O artigo aborda a interação entre grandes empresas de tecnologia, como o Google, e a proteção dos direitos fundamentais, ressaltando a incidência dessa relação no contexto do constitucionalismo contemporâneo.

Discute-se a importância da tutela dos direitos fundamentais não apenas contra o Estado, mas também contra atores privados que podem influenciar significativamente a sociedade, exemplificado pelo incidente em que o Google reportou incorretamente a cotação do dólar, afetando a credibilidade institucional. O texto analisa o conceito de "verticalidade" e "horizontalidade" dos direitos fundamentais, propondo uma nova abordagem que reconheça o desnível de poder nas interações entre indivíduos e grandes empresas. Além disso, menciona a necessidade de garantir direitos fundamentais a partir de uma perspectiva que abarca não apenas indivíduos, mas também coletivos, refletindo sobre a eficácia dos direitos em um ambiente digital globalizado.
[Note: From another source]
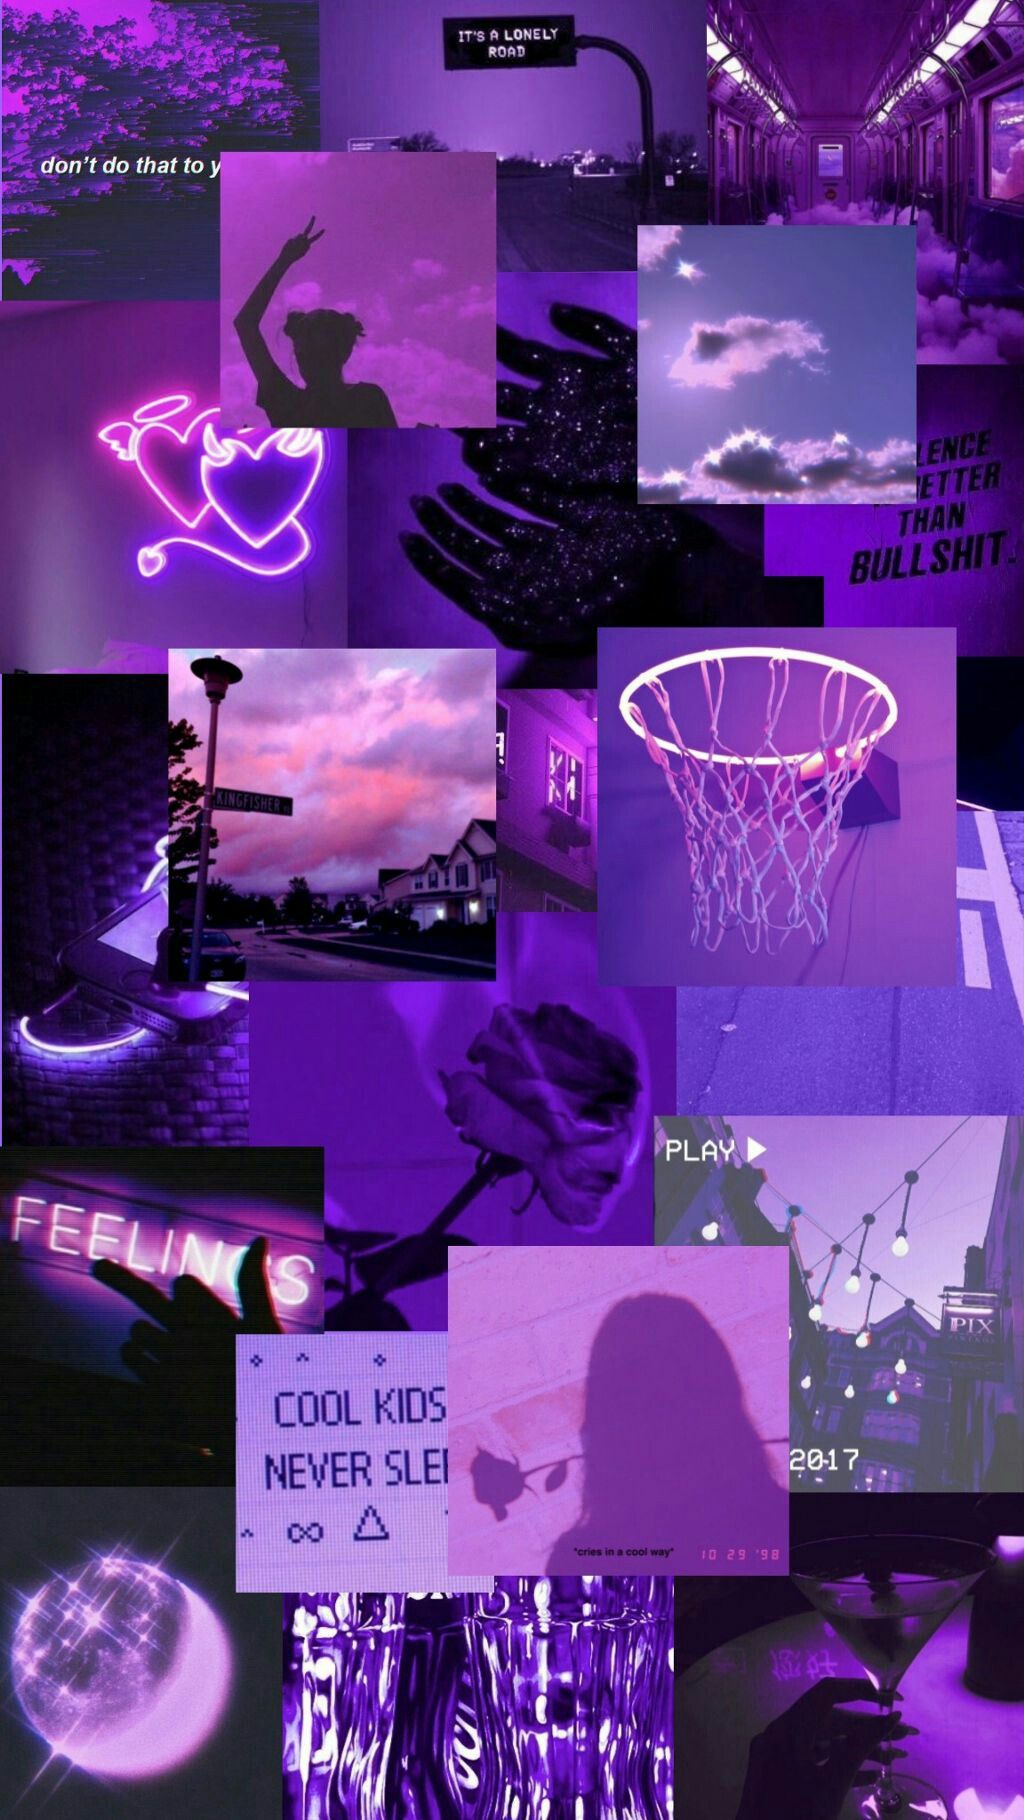 Wallpapers Edit Dark Purple Aesthetic Purpleaesthetic Darkaesthetic Wallpaper Dark Purple Wallpaper Black And Purple Wallpaper Dark Purple Aesthetic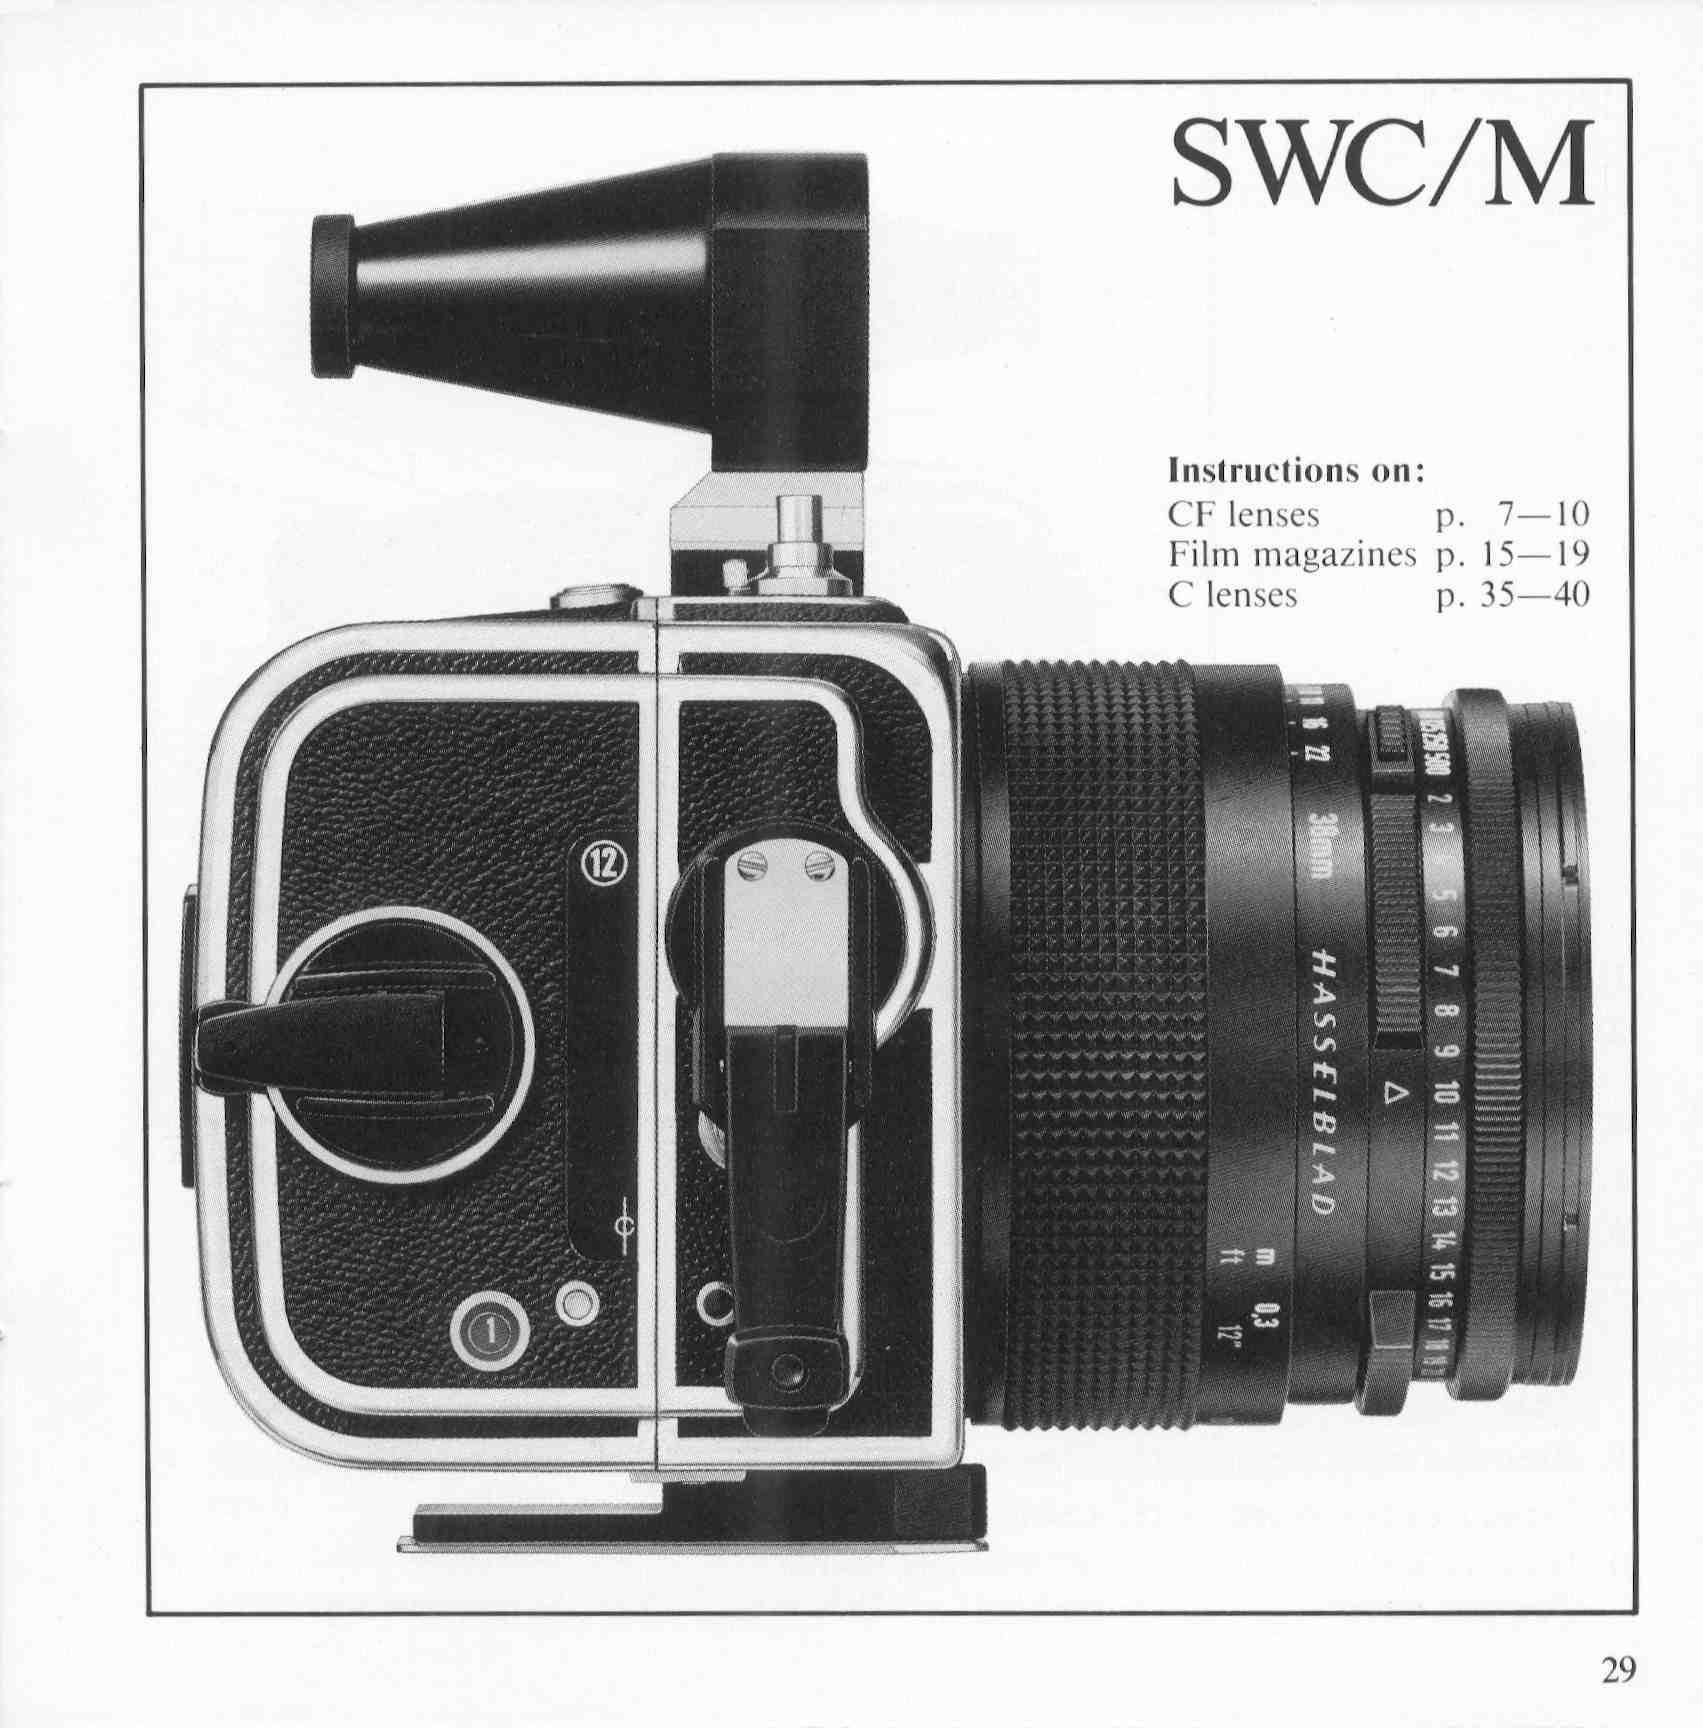 Hasselblad 500C/M, 500 EL/M, SWC/M Instruction Manual

O conceito de constitucionalismo civil de Gunther Teubner é explorado para ilustrar como empresas podem distorcer a informação, afetando direitos coletivos. Por fim, enfatiza a relevância da soberania estatal na proteção dos indivíduos e da democracia diante de influências externas, considerando os desafios impostos pela globalização e pela desinformação.

Resumo editorial produzido pela equipe da Criminal Player. O texto integral é de autoria dos experts e está publicado no Conjur.

Tópicos do artigo

Principais pontos desenvolvidos no texto original

Principais temas abordados no artigo "Google e o dólar: uma nova verticalidade dos direitos fundamentais?" por Georges Abboud e Matthäus Kroschinsky.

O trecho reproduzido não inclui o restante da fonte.